▶ **Provided material**:
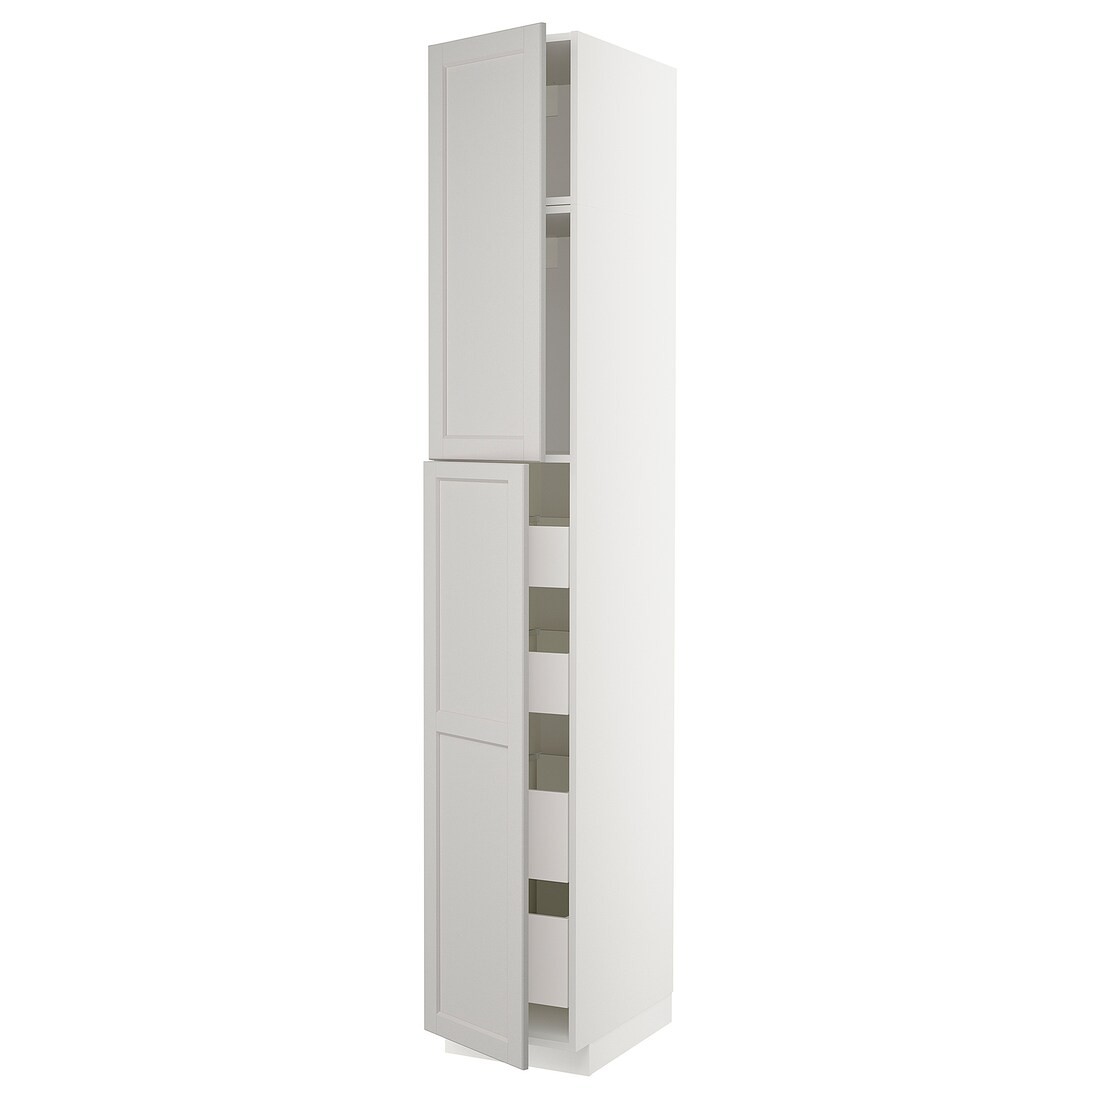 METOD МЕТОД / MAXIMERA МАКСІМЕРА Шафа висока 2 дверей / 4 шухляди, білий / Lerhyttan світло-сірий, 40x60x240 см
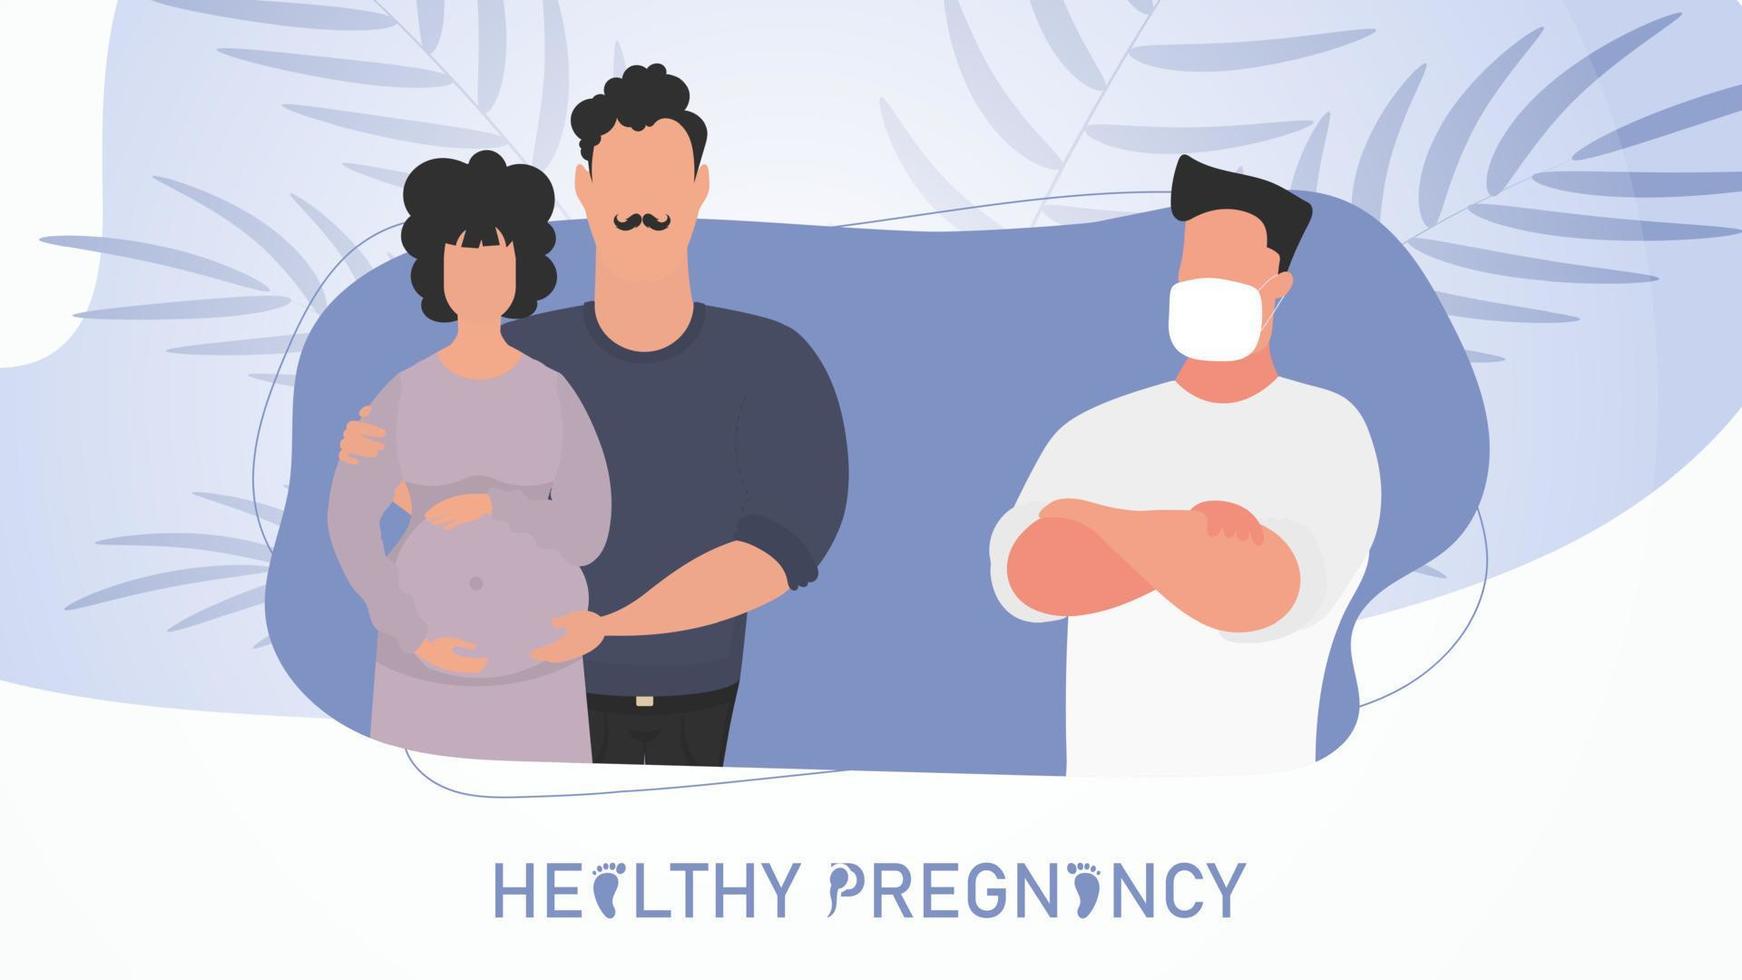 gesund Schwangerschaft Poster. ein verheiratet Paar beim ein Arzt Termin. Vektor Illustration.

* * *

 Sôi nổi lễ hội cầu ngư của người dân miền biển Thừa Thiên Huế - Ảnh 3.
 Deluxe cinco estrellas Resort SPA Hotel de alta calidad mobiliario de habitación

▶ **Work order**: Transcribe each line of the data above, unaltered, from the one where "Sôi nổi lễ hội" appears to the one where "Deluxe cinco estrellas" appears, inclusive of both.

▶ **Answer space**:
 Sôi nổi lễ hội cầu ngư của người dân miền biển Thừa Thiên Huế - Ảnh 3.
 Deluxe cinco estrellas Resort SPA Hotel de alta calidad mobiliario de habitación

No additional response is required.